Где-то тут были архаровцы, три архаровца, которых сам же он своим ловким кундштюком призвал в Сретенскую обитель. Что-то они тут выясняли весьма важное. Свистать «весну», чтобы хоть так привлечь их внимание, Устин не умел.

И он сделал то единственное, что умел и осмелился сделать в таких обстоятельствах.

Решив для себя, что странная деятельность монастырских насельников сильно смахивает на козни нечистой силы, Устин добыл из памяти молитку святому Трифону, весьма к такому случаю подходящую.

– О, святый мучениче Христов Трифоне, скорый помощниче всем, к тебе прибегающим и молящимся пред святым твоим образом скоропослушный предстателю! – заговорил он, но несколько медленнее, чем это делается в храме. – Услыши убо ныне и на всякий час моление нас, недостойных рабов твоих, почитающих святую память твою. Ты убо, угодниче Христов, сам обещался еси прежде исхода твоего от жития сего тленнаго молитися за ны ко Господу и испросил еси у Него дар сей: аще кто в коей-либо нужде и печали своей призывати начнет святое имя твое, той да избавлен будет от всякаго прилога злаго.

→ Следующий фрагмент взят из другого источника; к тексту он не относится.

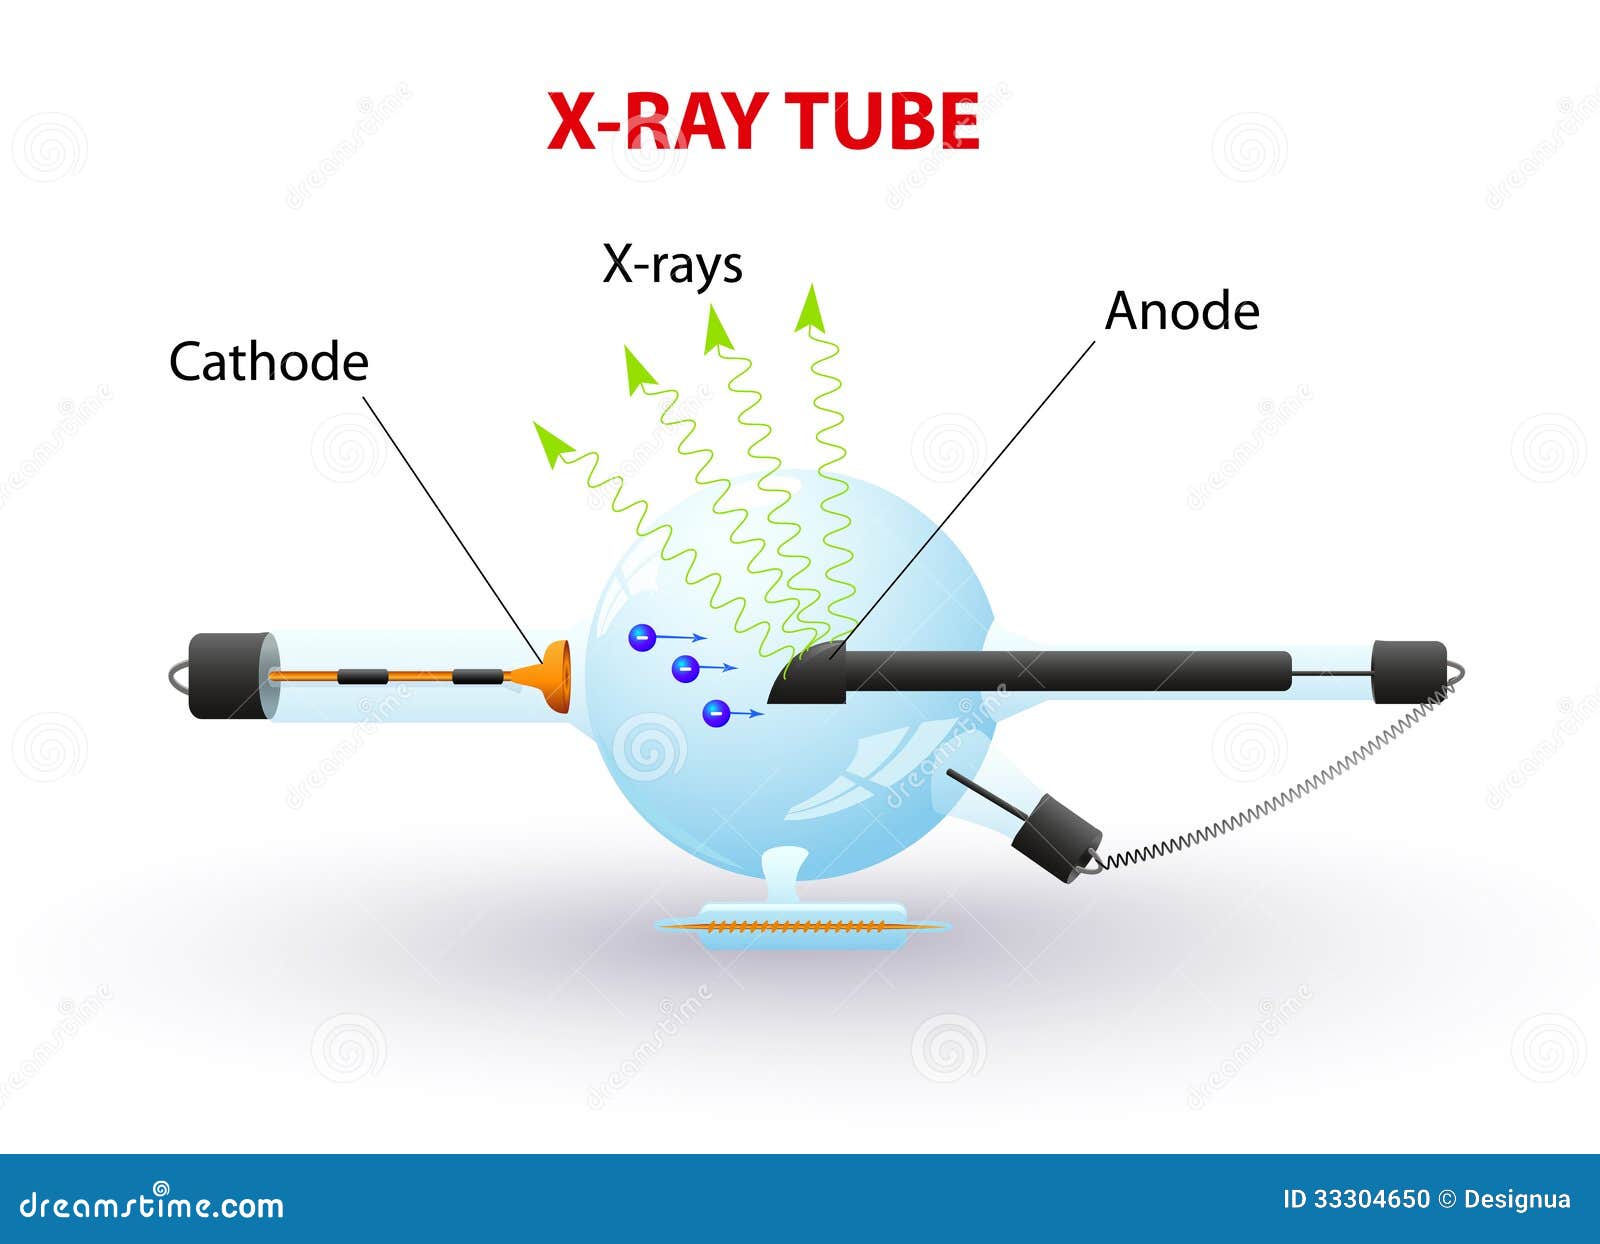 x-ray tube
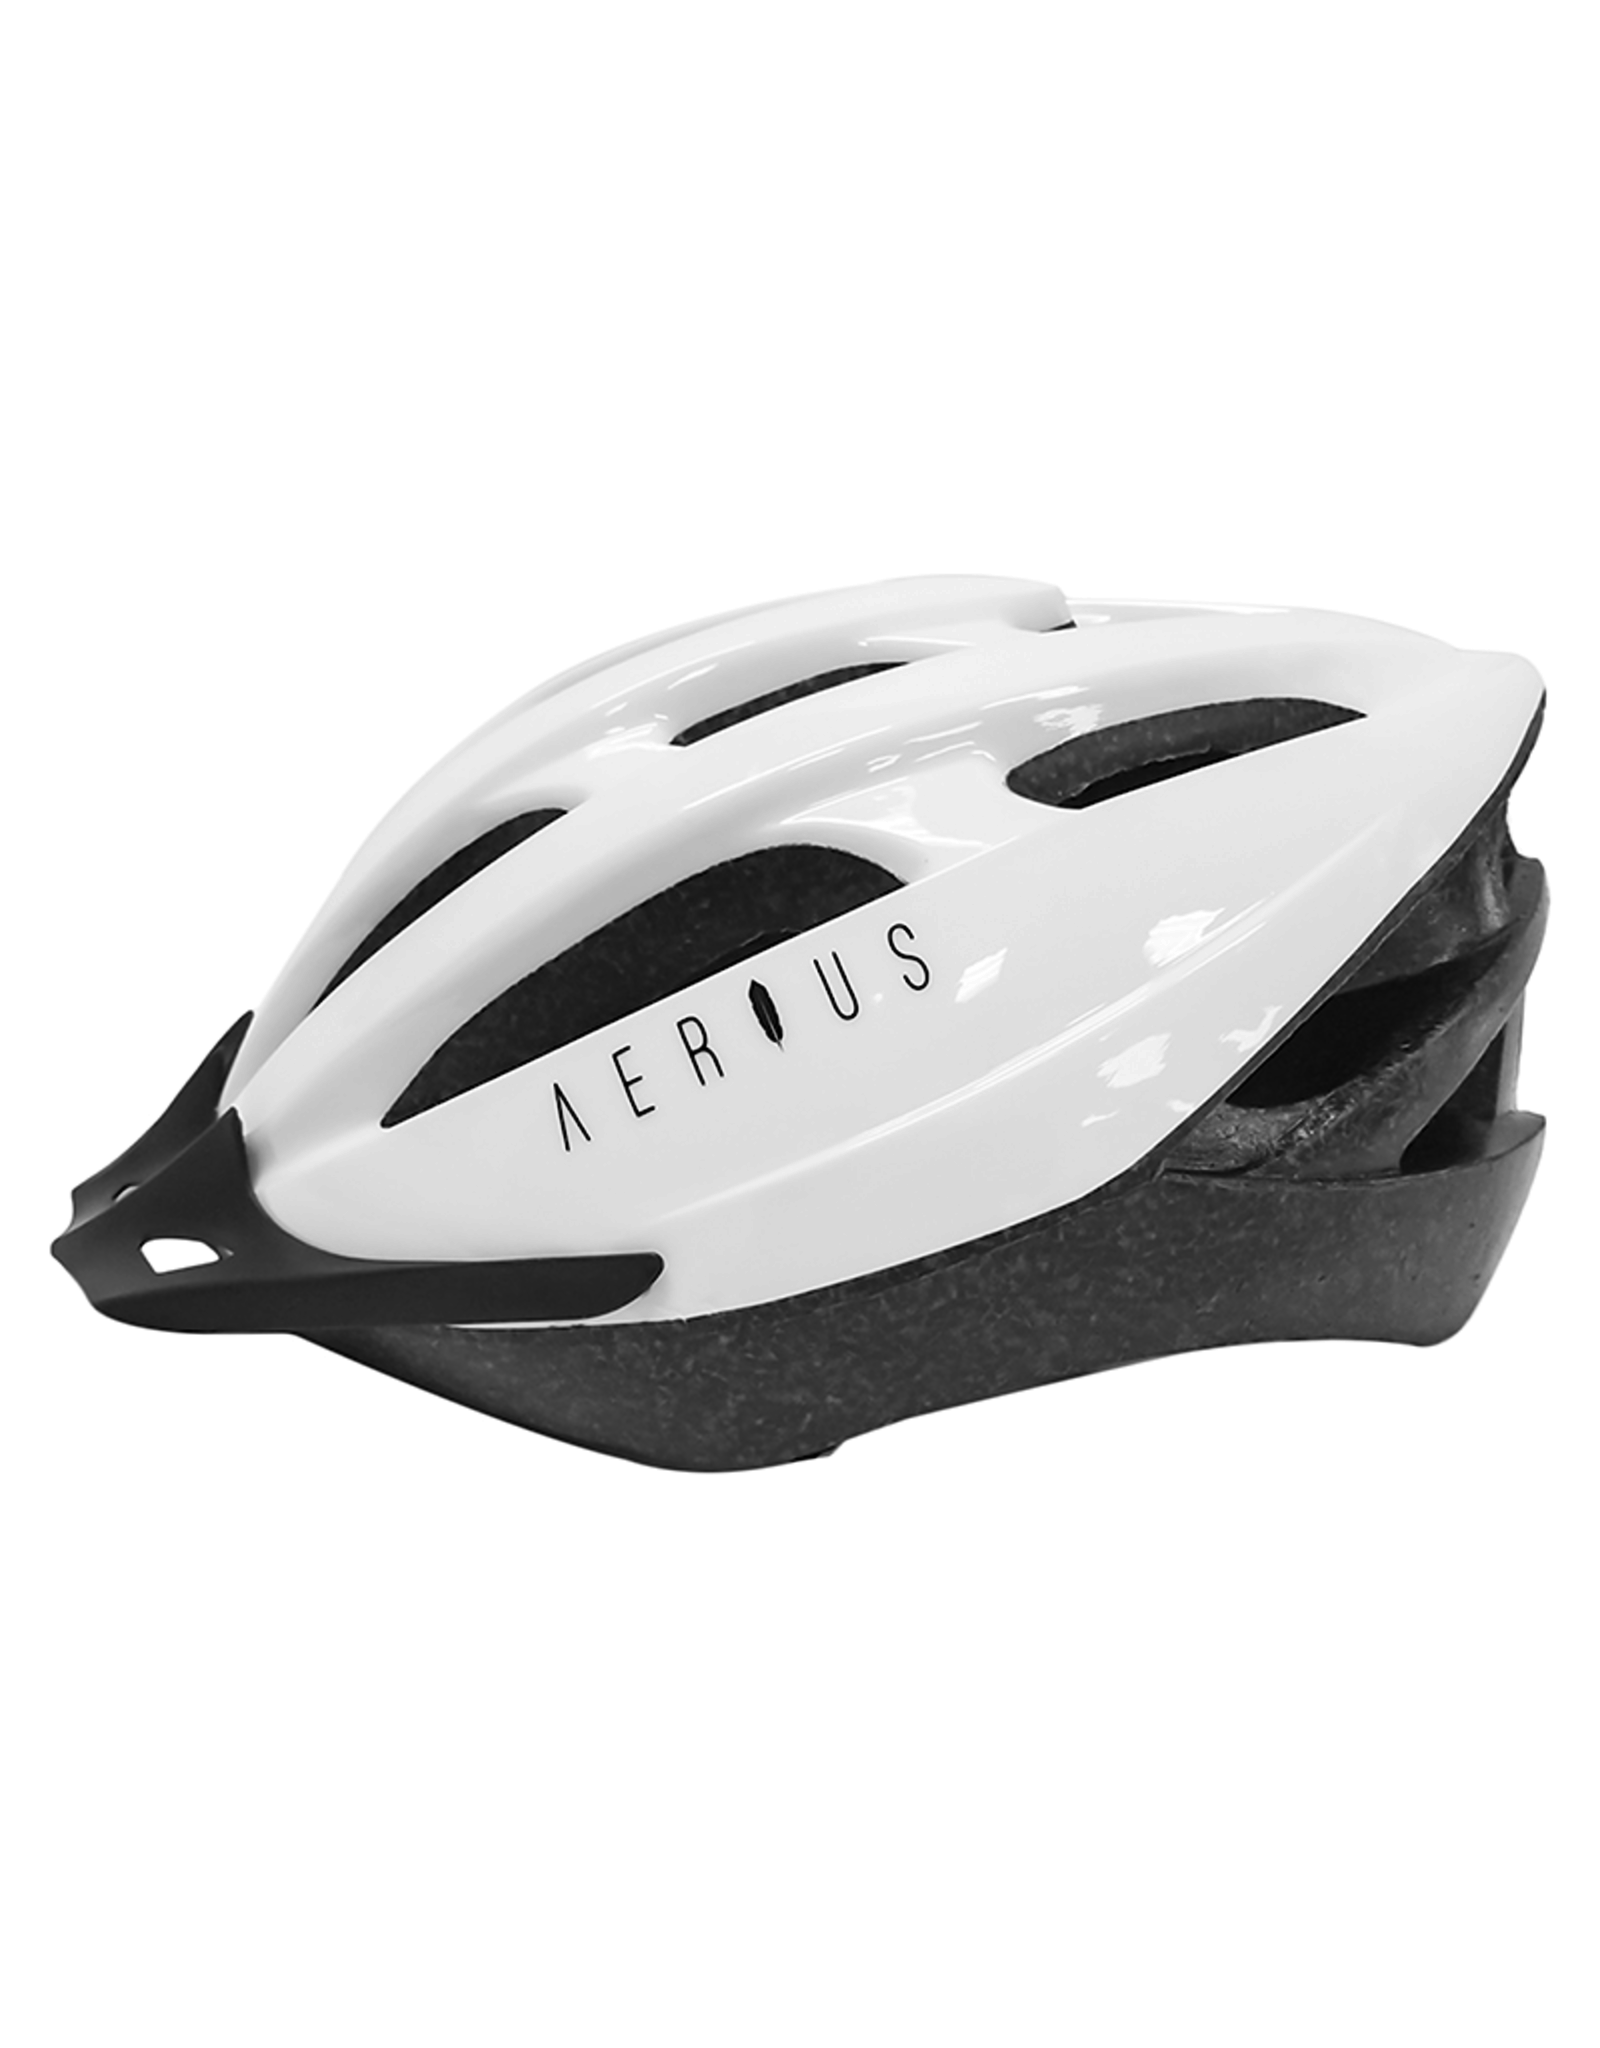 Aerius Aerius V-19 Sport Helmet -

Манифесты самозванца вполне могли сойти за злой прилог.

– И якоже ты иногда дщерь цареву в Риме граде от диавола мучиму исцелил еси, сице и нас от лютых его козней сохрани во вся дни живота нашего, наипаче же в день страшный последняго нашего, издыхания предстательствуй о нас, егда темнии зраки лукавых бесов окружати и устрашати нас начнут, – продолжал Устин все громче, насыщая молитву особой радостью человека, который знает, что таким образом творит доброе дело. – Буди нам тогда помощник и скорый прогонитель лукавых бесов, и к Царствию Небесному предводитель, идеже ты ныне предстоиши с ликом святых у Престола Божия, моли Господа, да сподобит и нас причастниками быти присносущнаго веселия и радости, да с тобою купно удостоимся славити Отца и Сына и Святаго Утешителя Духа во веки. Аминь!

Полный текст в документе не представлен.